I have this problem periodically with wireless, I don't think I've ever had it with ethernet. As a guess I'd say if you have the ethernet driver compiled as a module, make sure you list it in /etc/modules.autoload.d/kernel-2.6 (assuming you are using kernel-2.6).

Forcing the module to load earlier seems to make things behave better for me.

You also may want to make sure that you haven't got an IP Addy after bootup, because I thought dhcpcd would report an error at boot up (before you'd see the netmount failure) if it can't assign.
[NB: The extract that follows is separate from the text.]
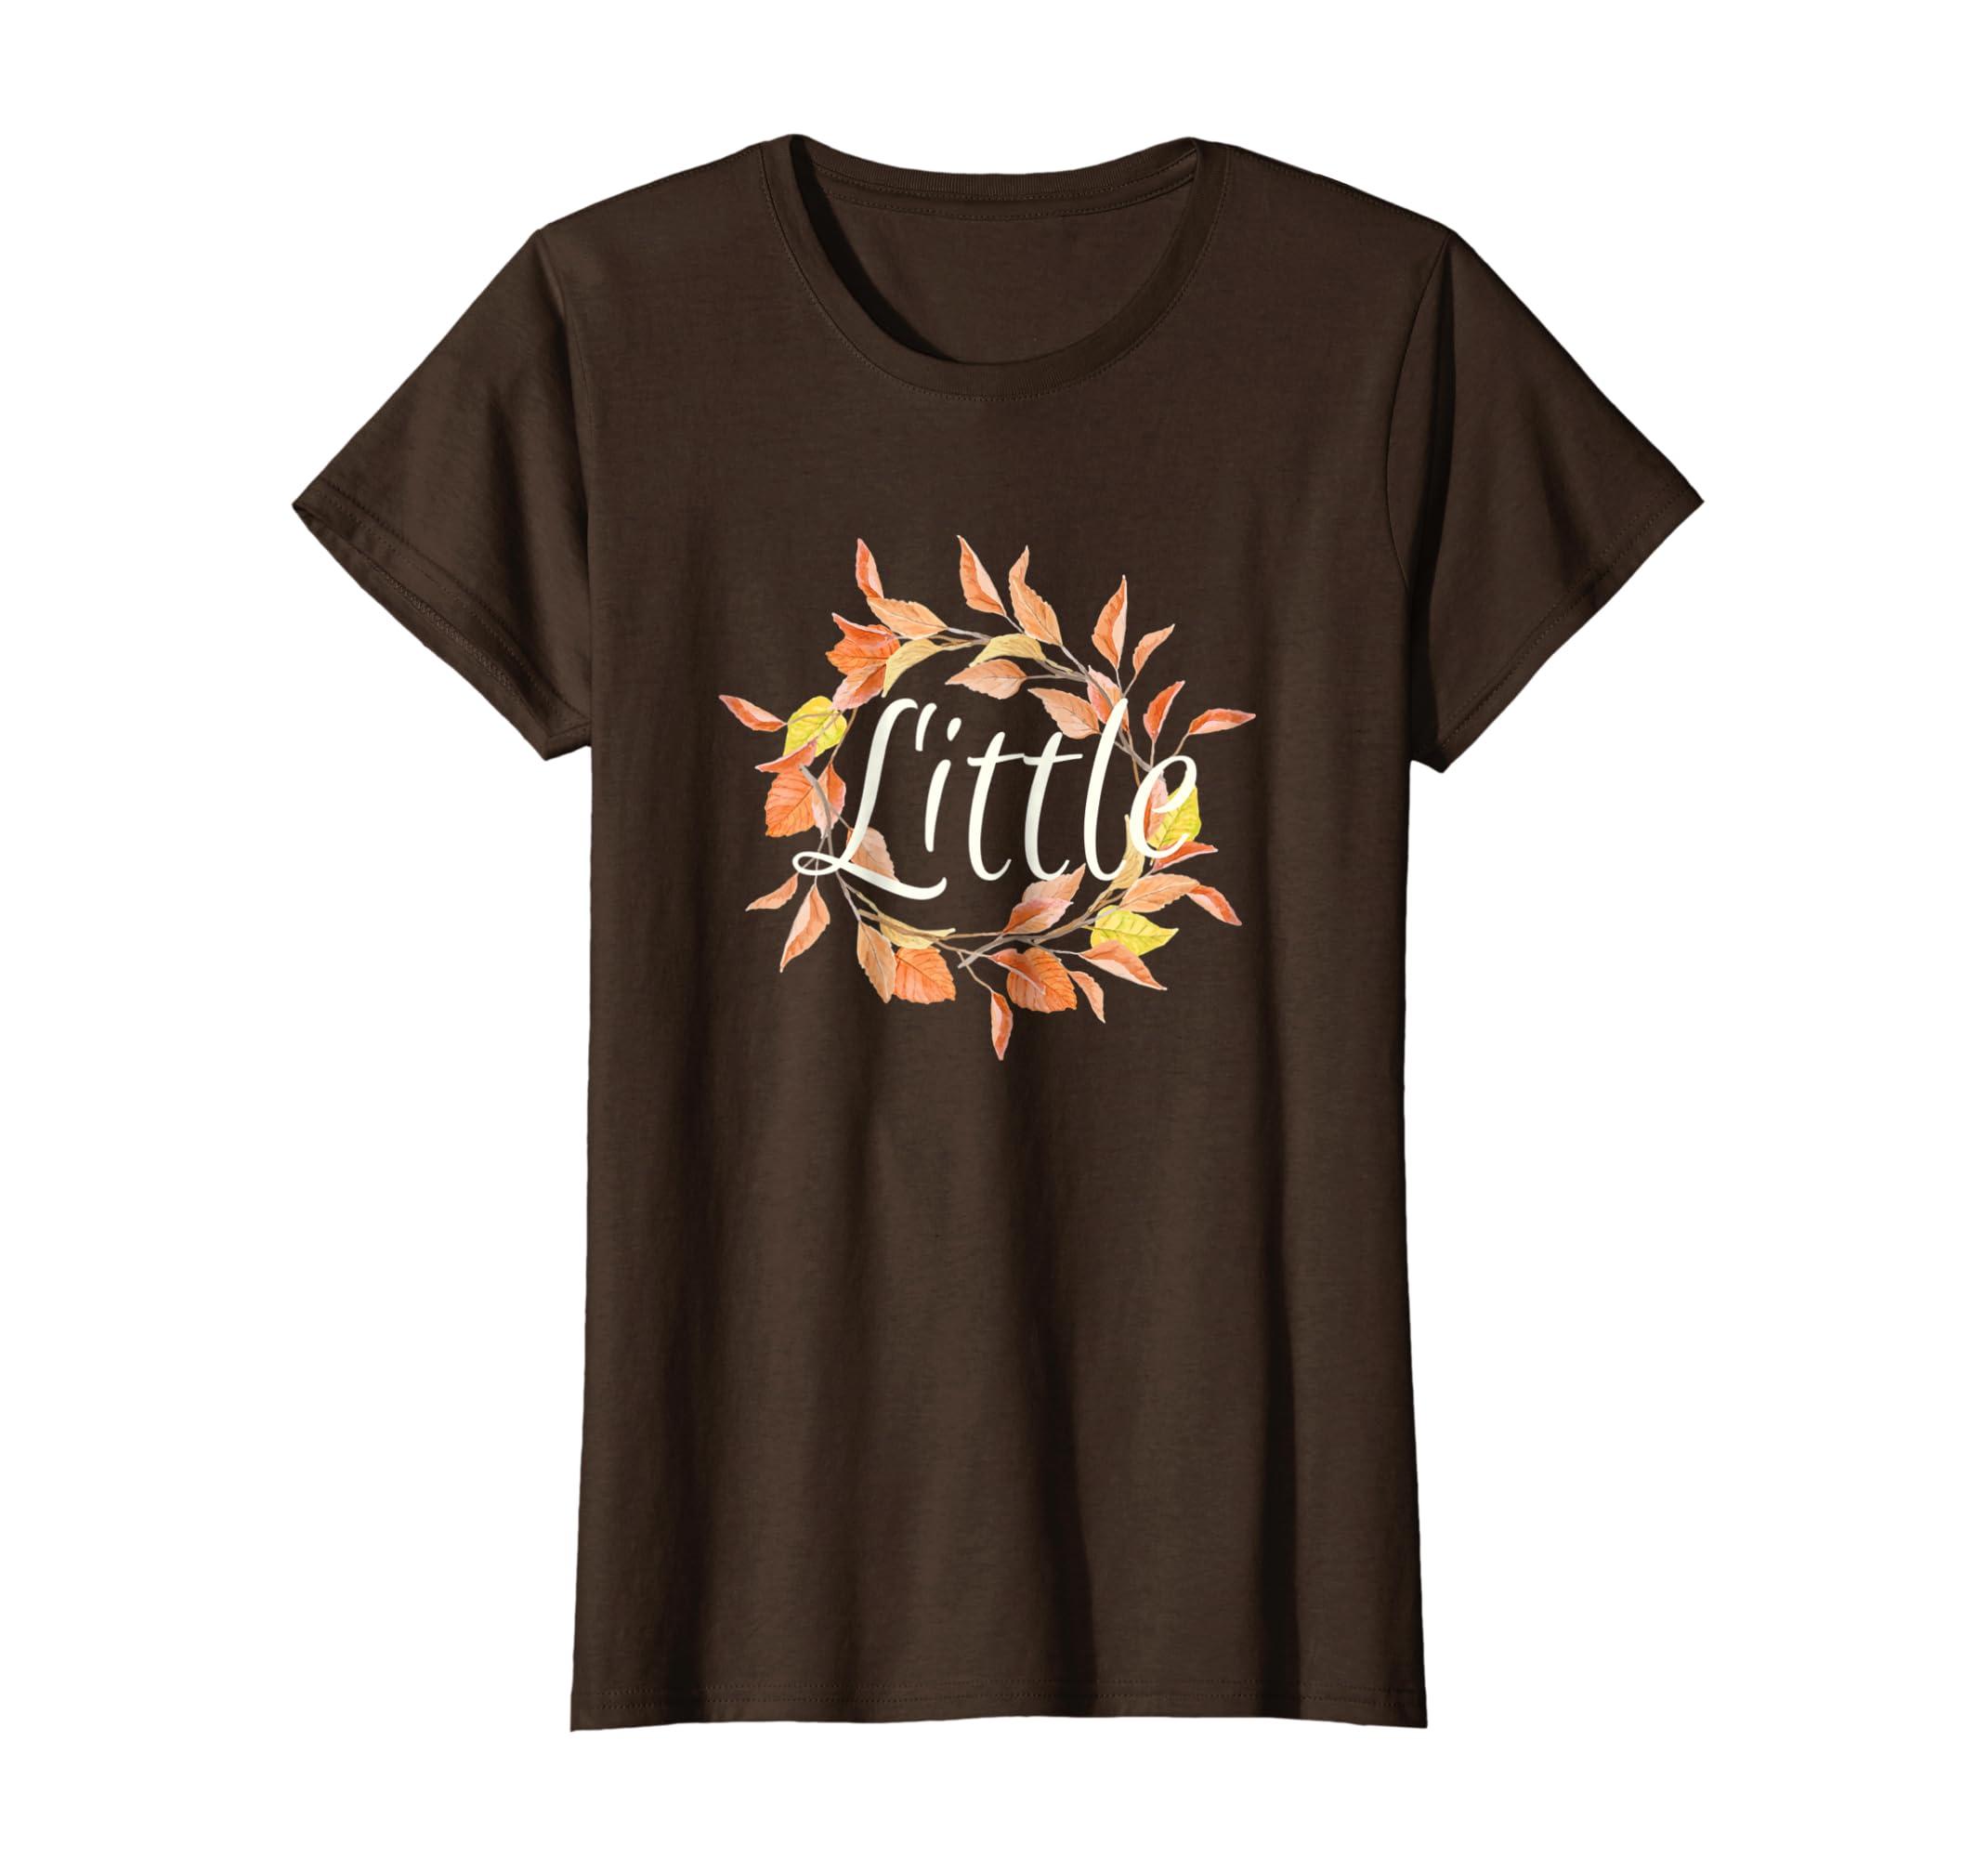 Autumn Fall Halloween Big Little Matching Sorority Shirt-Teechatpro

Netmount not running could indicate that you don't have proper nfs configs or something like that, it doesn't necessarilly mean that ethernet is not running.

One last thought: If you have RC_PARALLEL_STARTUP="yes" in your /etc/conf.d/rc then you may want to consider changing it to no to see if things get better.

Raydude

----------

## zaphyr

 *Quote:*   

> One last thought: If you have RC_PARALLEL_STARTUP="yes" in your /etc/conf.d/rc then you may want to consider changing it to no to see if things get better. 

 

my RC_PARALELL_STARTUP says "no"

I have added mii and via_rhine to the /etc/modules.autoload.d/kernel-2.6, but that did not help.

I dont think it is module/driver related, seems more to be service related. I suspect that dhcpcd does not start as it should.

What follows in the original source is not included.